> THE DATA:
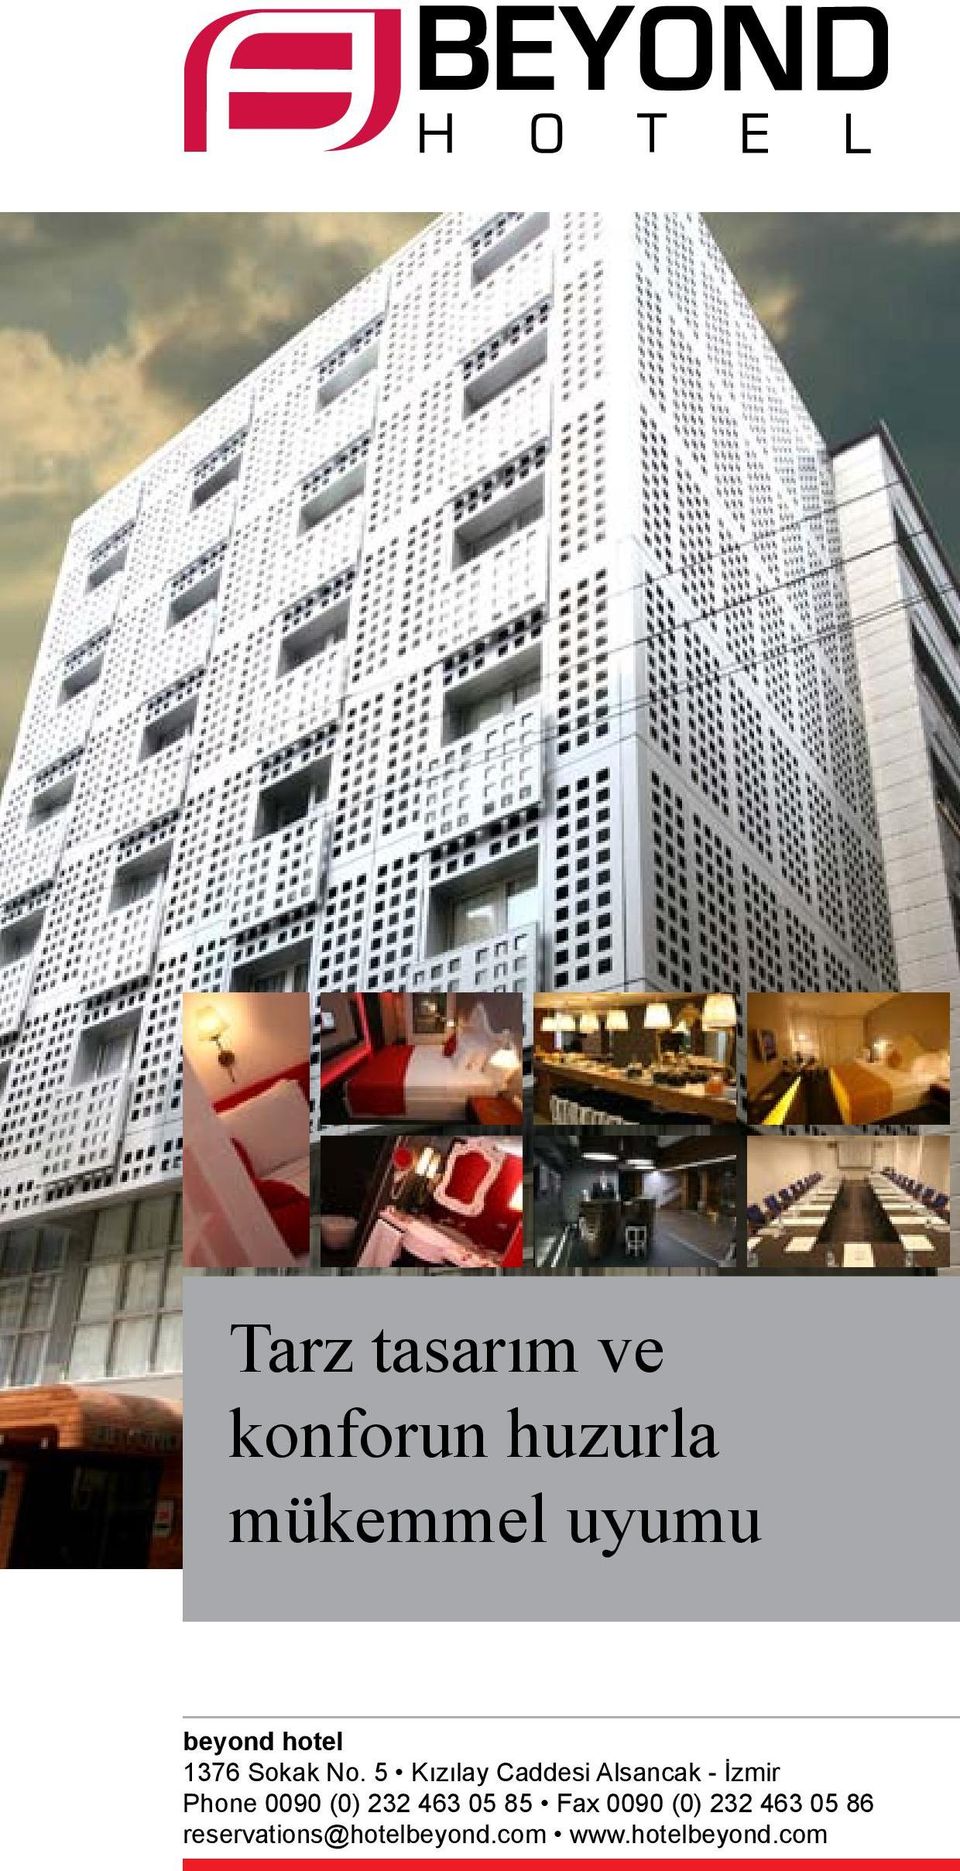 5 Kızılay Caddesi Alsancak - İzmir Phone 0090 (0) 232
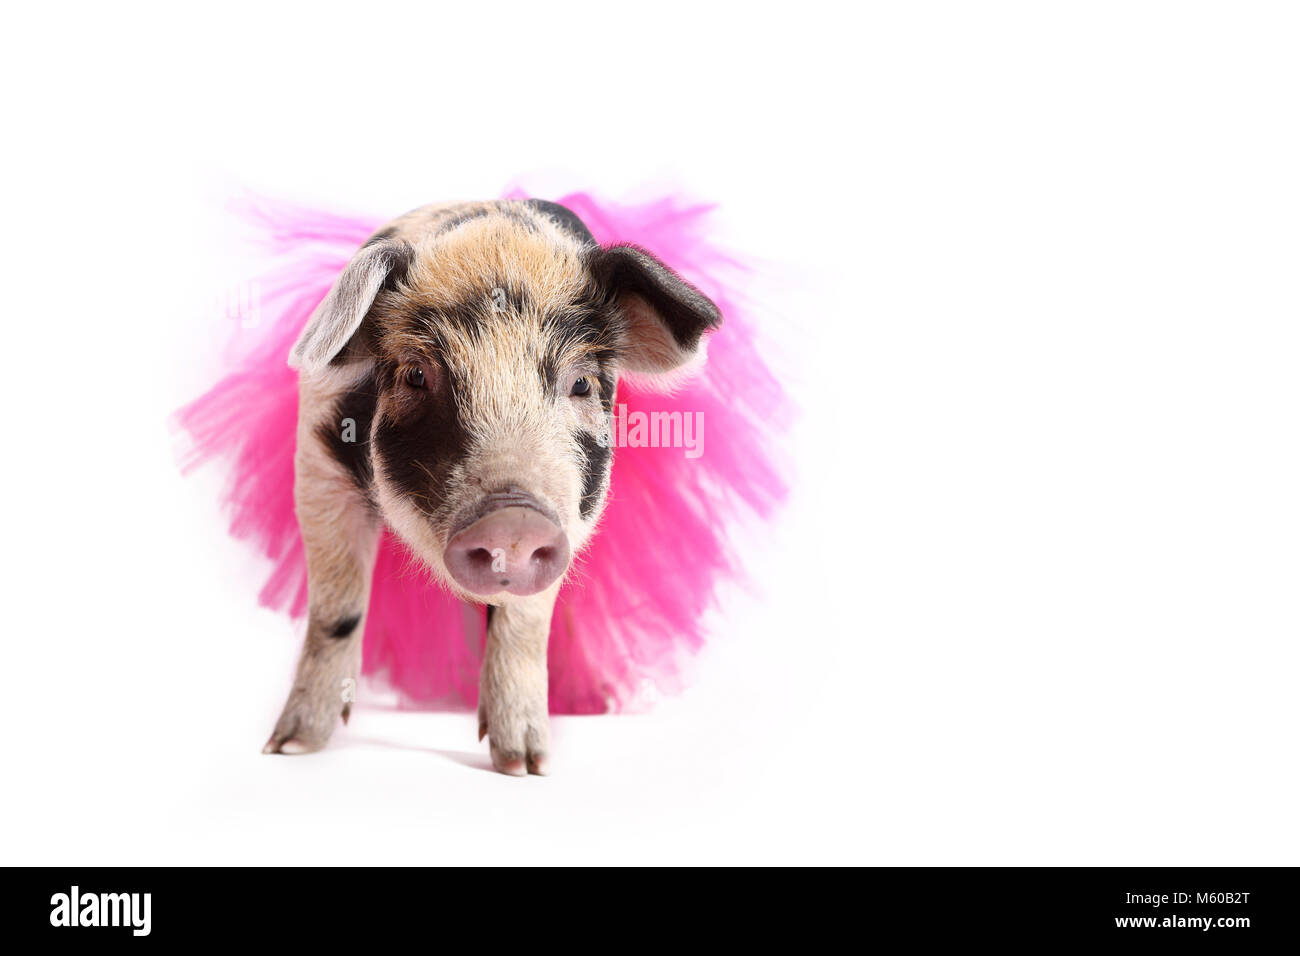 Hausschwein, Turopolje x?. Ferkel (4 Wochen alt) trägt einen rosa Tutu, stehend. Studio Bild vor einem weißen Hintergrund zu sehen. Deutschland Stockfoto
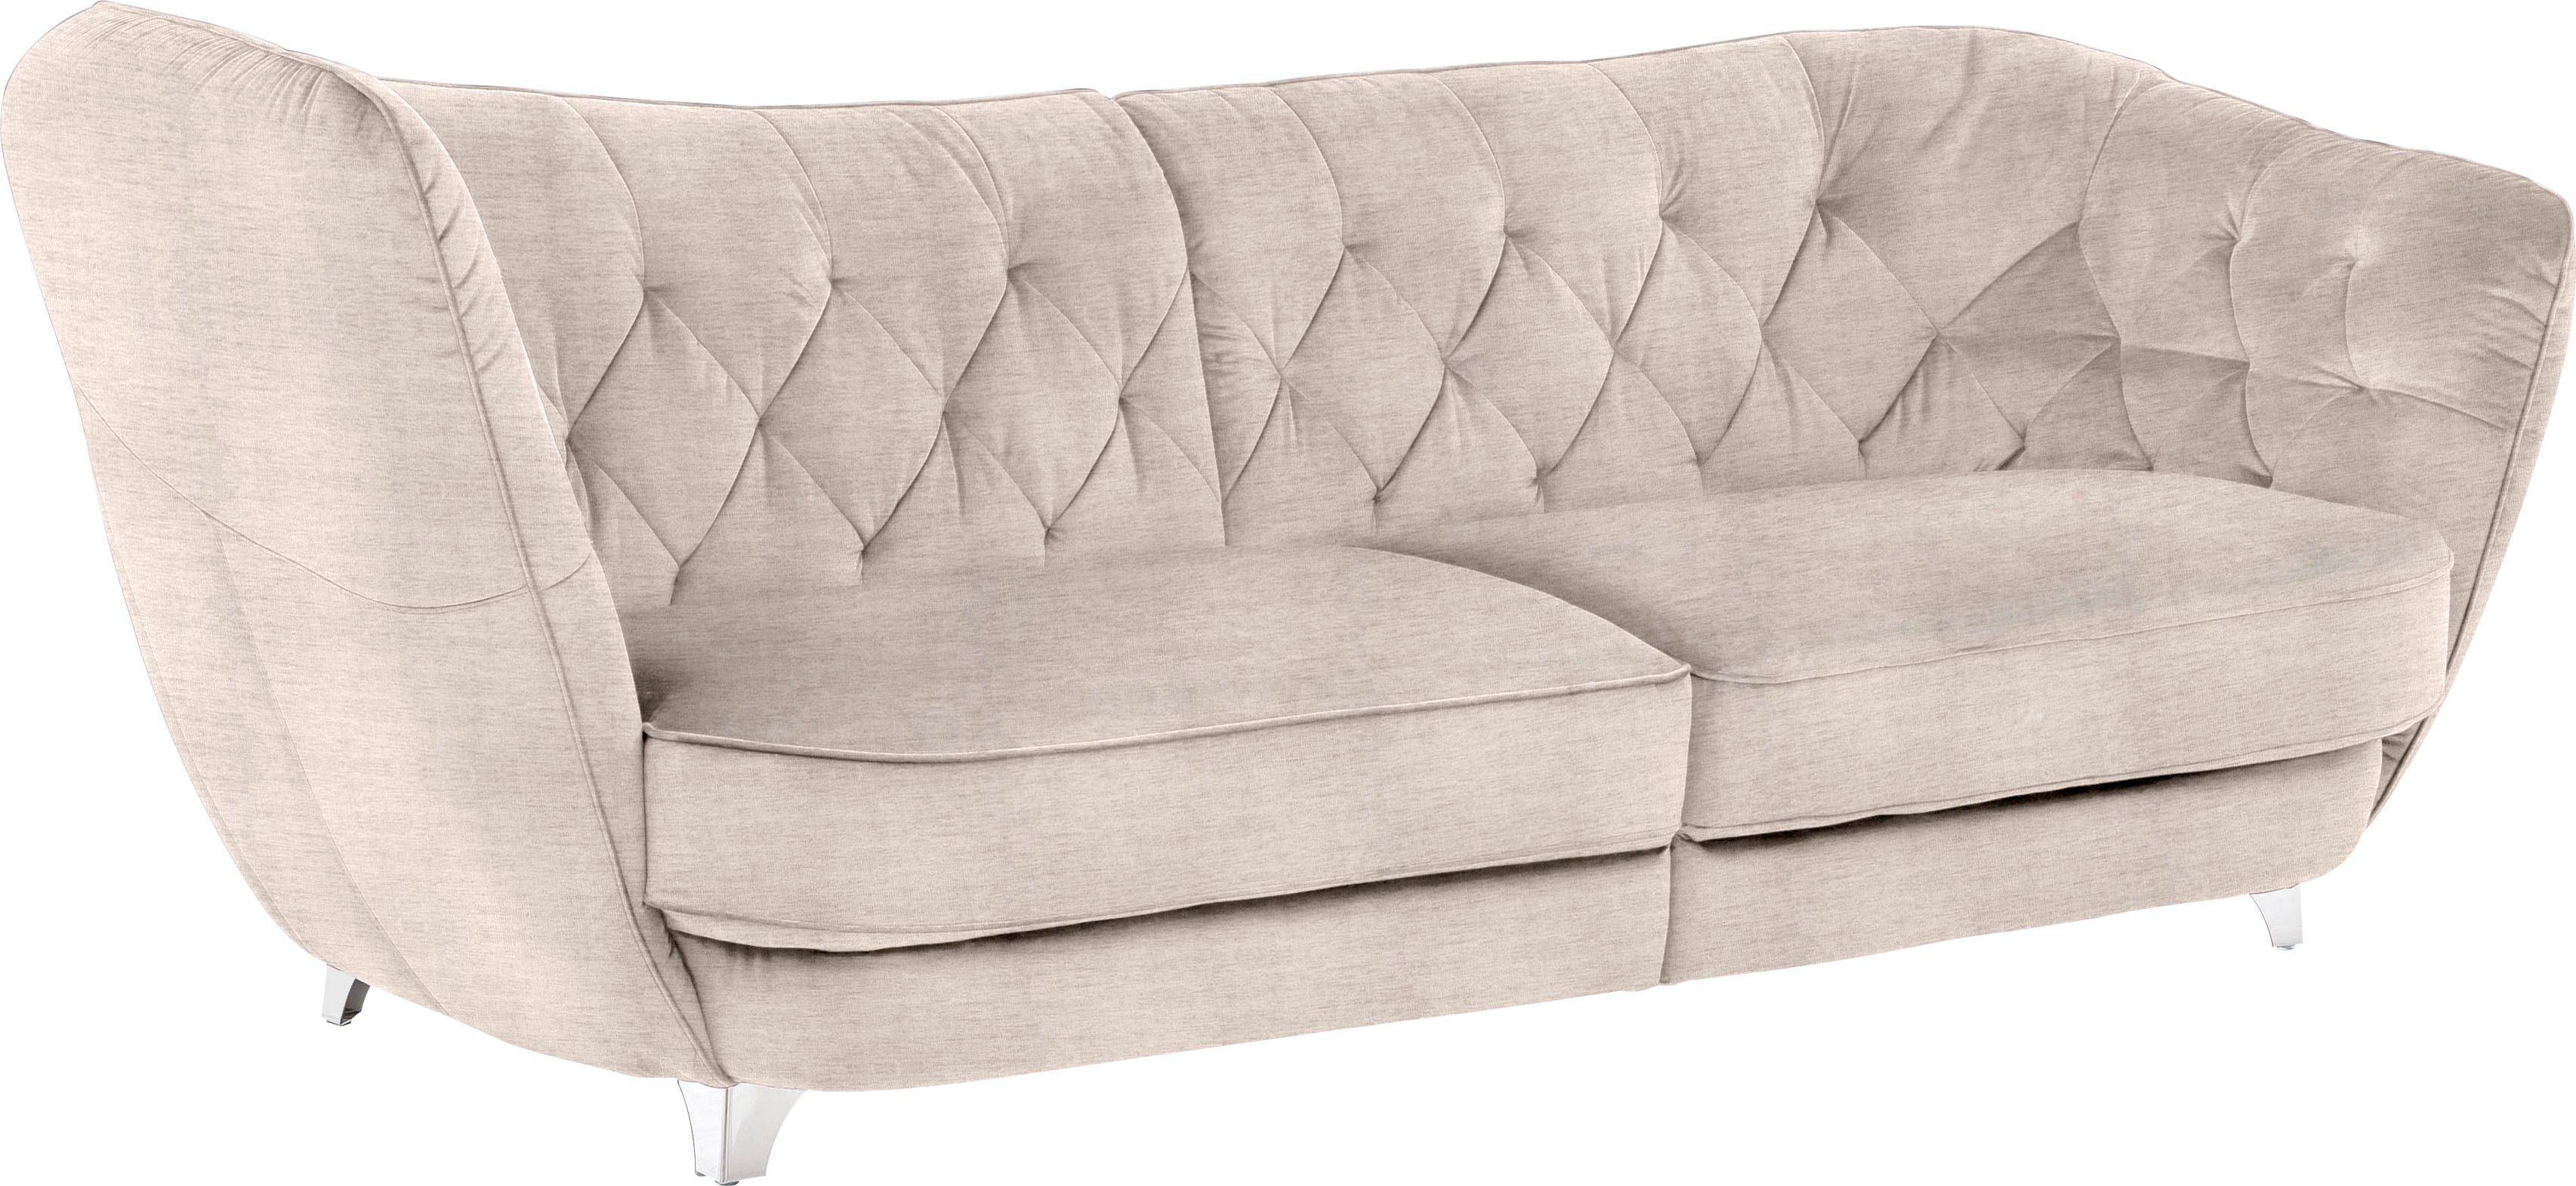 Leonique Big-Sofa Cordelle online kaufen | OTTO
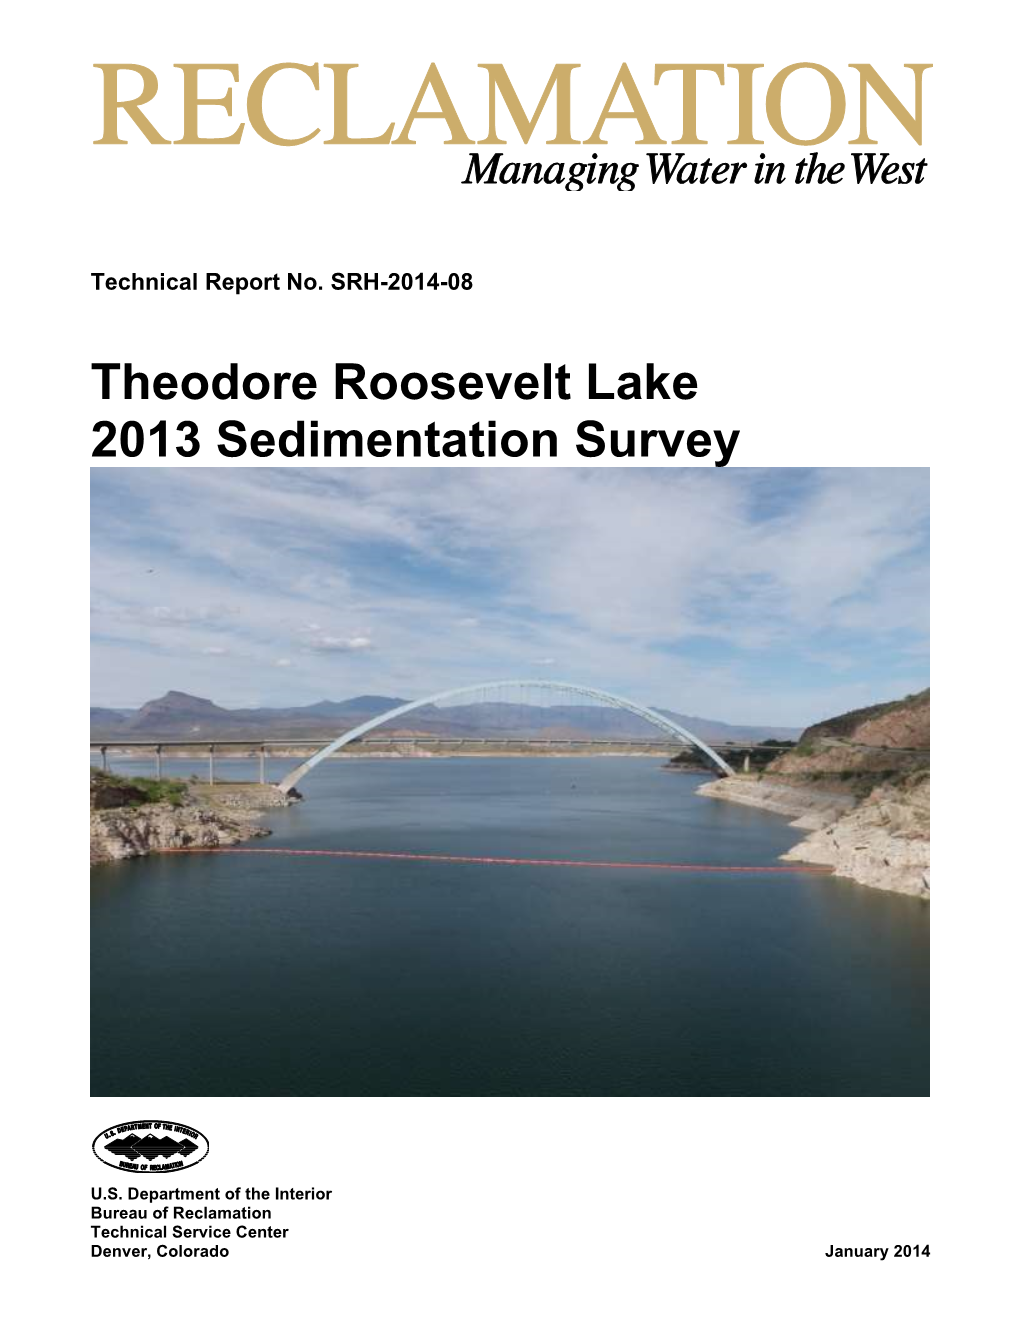 Theodore Roosevelt Lake 2013 Sedimentation Survey

> ASSIGNMENT:
Repeat the material above verbatim, with no pictures in the output.

> SOLUTION TO THIS EXERCISE:
 5 Kızılay Caddesi Alsancak - İzmir Phone 0090 (0) 232
 Hausschwein, Turopolje x?. Ferkel (4 Wochen alt) trägt einen rosa Tutu, stehend. Studio Bild vor einem weißen Hintergrund zu sehen. Deutschland Stockfoto
 Leonique Big-Sofa Cordelle online kaufen | OTTO
 Theodore Roosevelt Lake 2013 Sedimentation Survey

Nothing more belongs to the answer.